You're invited to hear this music on Live from Hochstein on Wednesday April 26th at 12:10pm, in person* at the Hochstein Performance Hall (50 N. Plymouth Avenue, downtown Rochester) or by listening to the live broadcast on WXXI Classical.
Still’s Three Visions is a suite in three parts for solo piano that depicts an apocalypse, an afterlife, and reincarnation. His mystical and elusive Seven Traceries were his attempt to capture seven aspects of God. Caramia plays the first three movements.
Still’s Suite for Violin and Piano took as its inspiration three sculptures: Richmond Barthé’s African Dancer, Sargent Johnson’s Mother and Child, and Augusta Savage’s Gamin, each one by artists associated with the Harlem Renaissance.
Professor of Piano at the Eastman School of Music since 1990, Tony Caramia directs the Piano Pedagogy Studies program, coordinates the Class Piano program, and teaches applied piano and beginning jazz piano.
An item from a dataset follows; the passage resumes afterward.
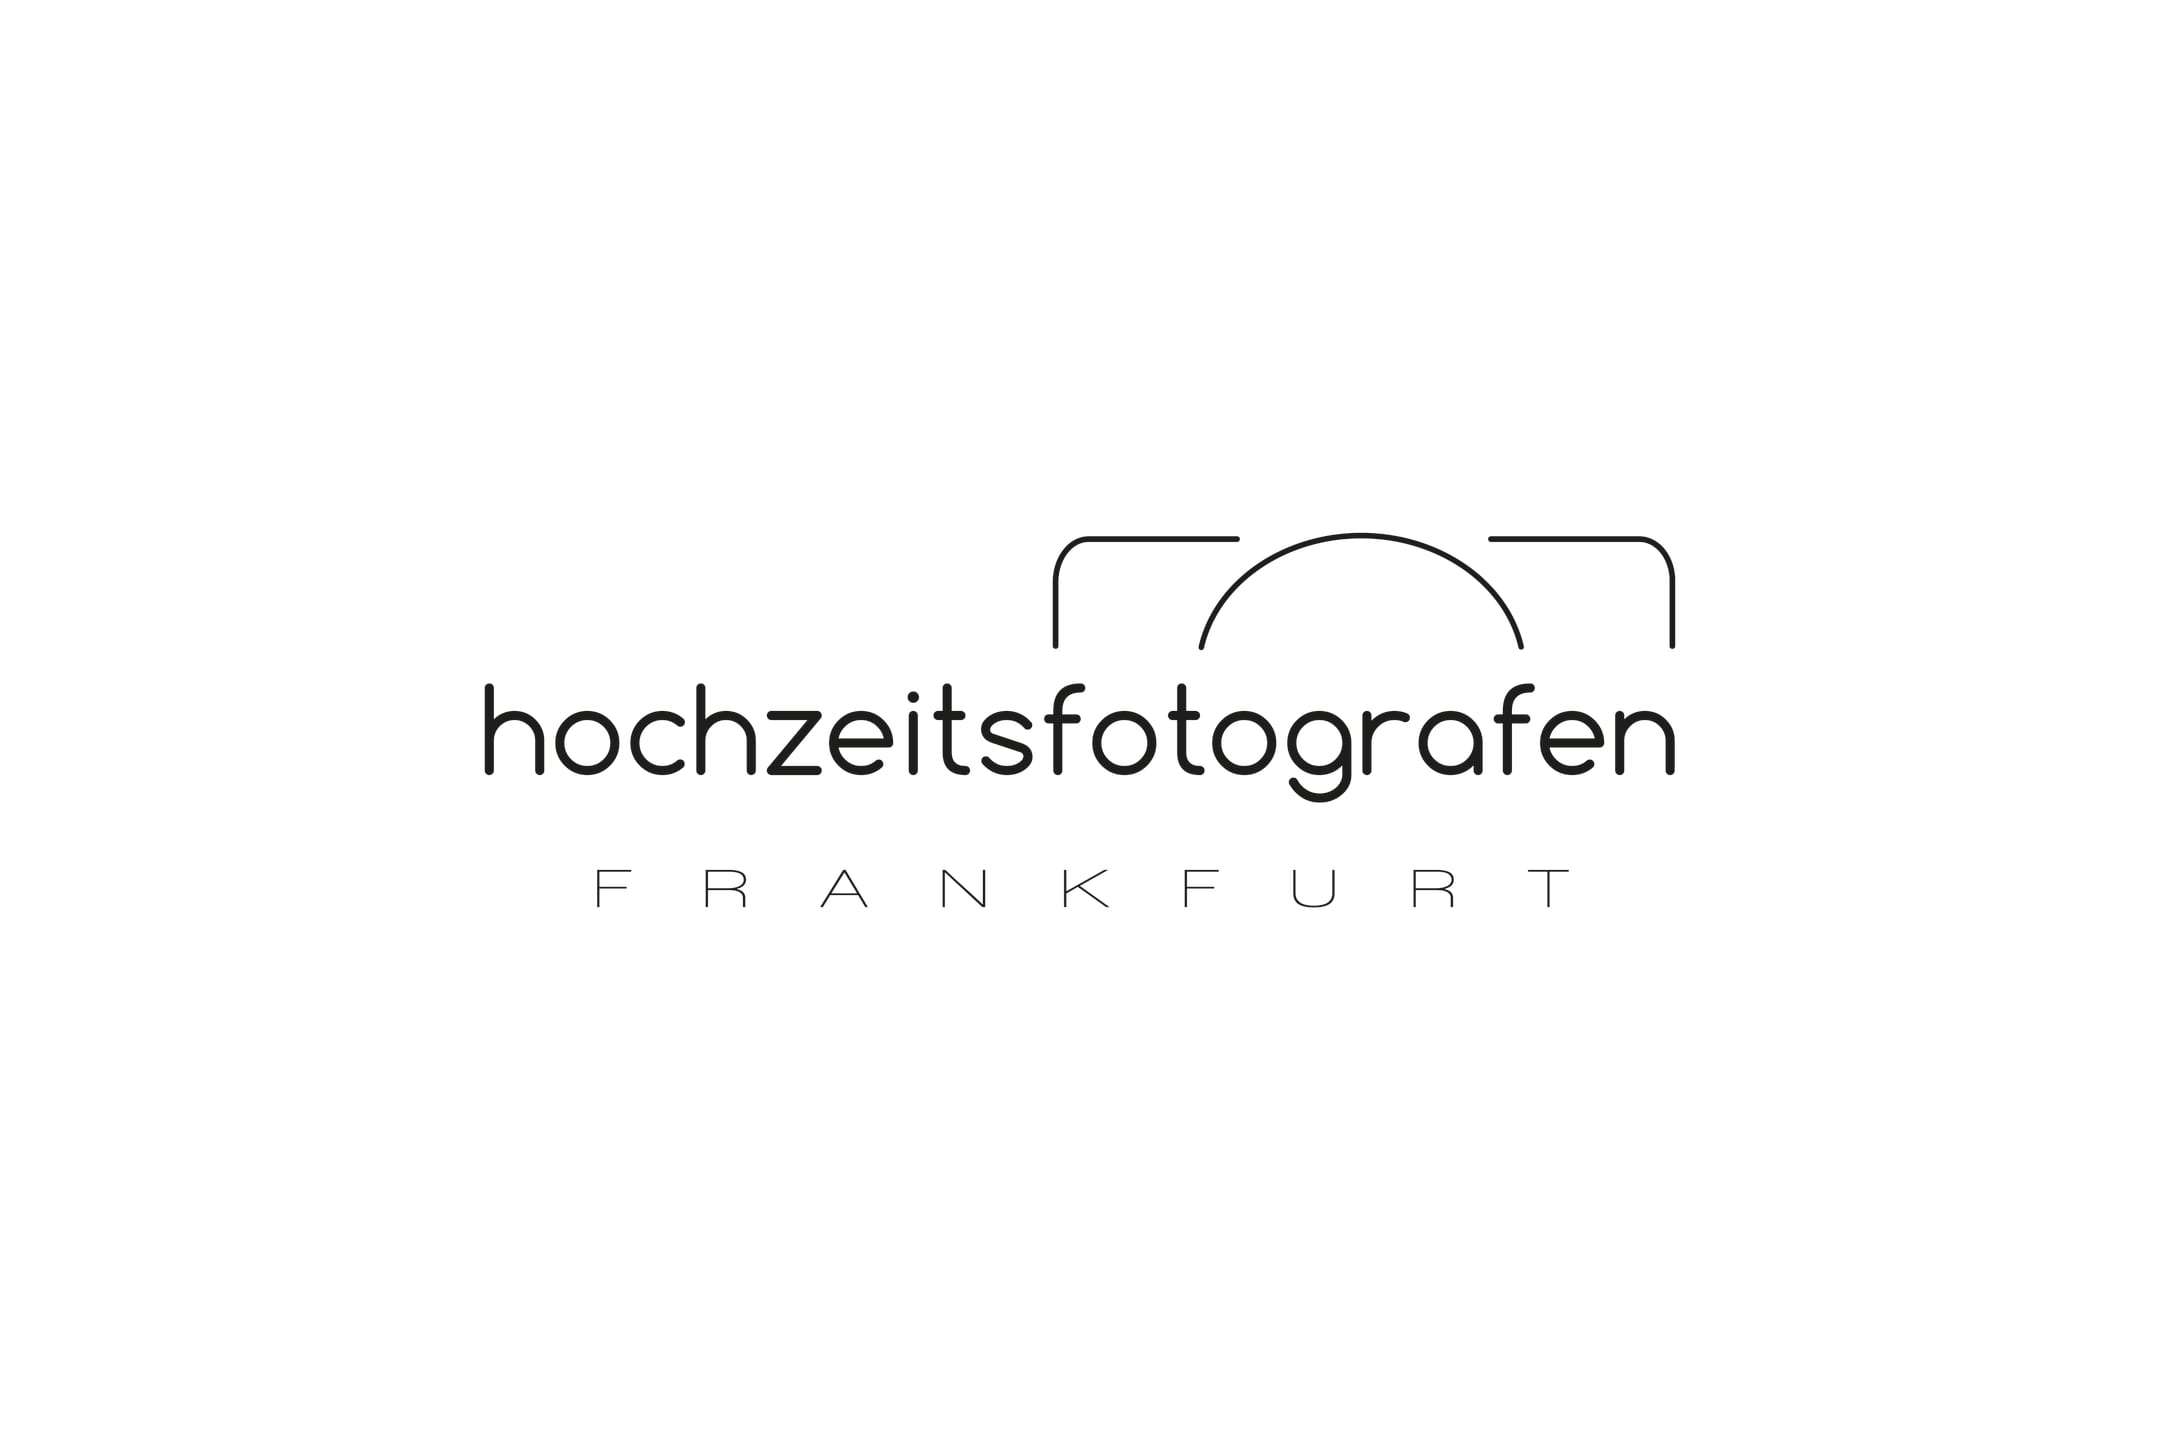 Hochzeitsfotografen Frankfurt - Hochzeitsfotos in Frankfurt am Main

He has released six recordings, including Hot Ivories, Nimble-Fingered Gentleman, Zebra Stripes, Brass Knuckles, Upstate Standards with trombonist Mark Kellogg, and Tribute.
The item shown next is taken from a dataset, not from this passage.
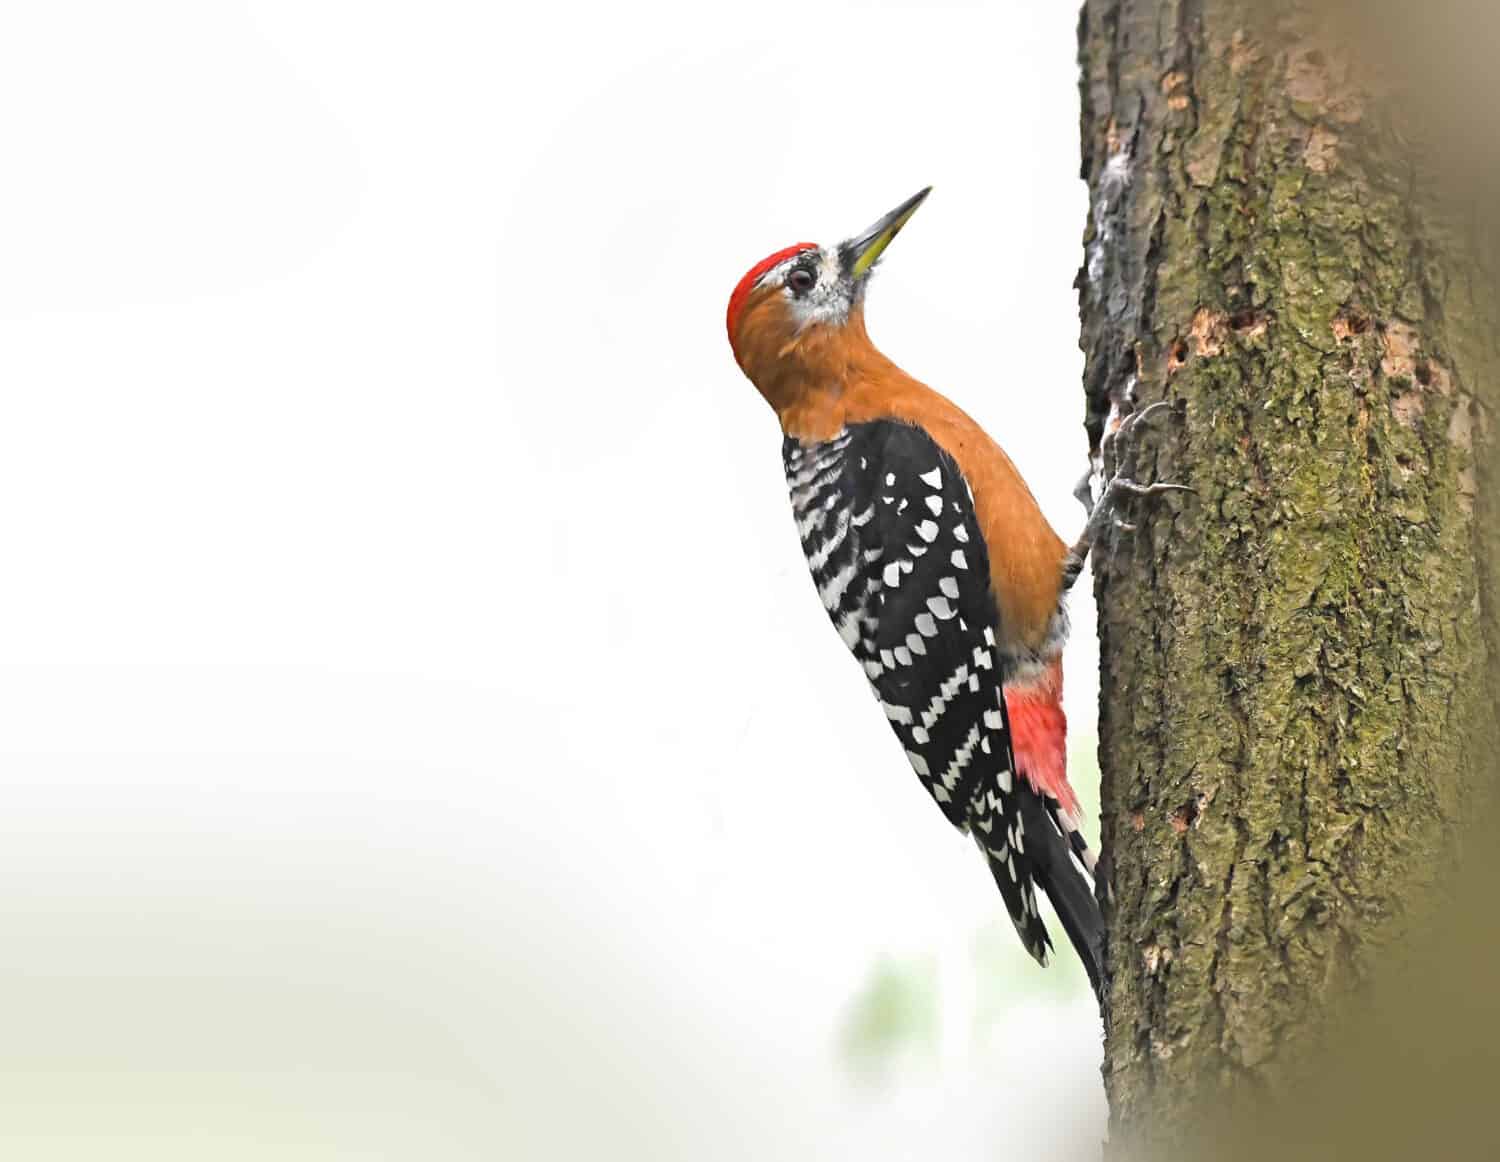 Rufous-bellied Woodpecker foraging on tree trunk

Professor of Violin at the Eastman School of Music, Renée Jolles enjoys an eclectic career as soloist and chamber artist specializing in a wide variety of styles from the Baroque to the contemporary. She has premiered hundreds of works, including the American premiere of Schnittke’s Violin Concerto No. 2. In 2014, she inaugurated Eastman’s celebrated annual Holocaust Remembrance Concert series.
Live from Hochstein with host Mona Seghatoleslami is a series midday concerts by some of the finest artists in our area broadcast live from The Hochstein Performance Hall. Each of these free concerts runs from 12:10-12:50 p.m., giving downtown business people, teachers, families, students, and friends an opportunity to enjoy classical music during the day. You can also hear an encore broadcast of Live from Hochstein later the same day at 10 p.m. on WXXI Classical.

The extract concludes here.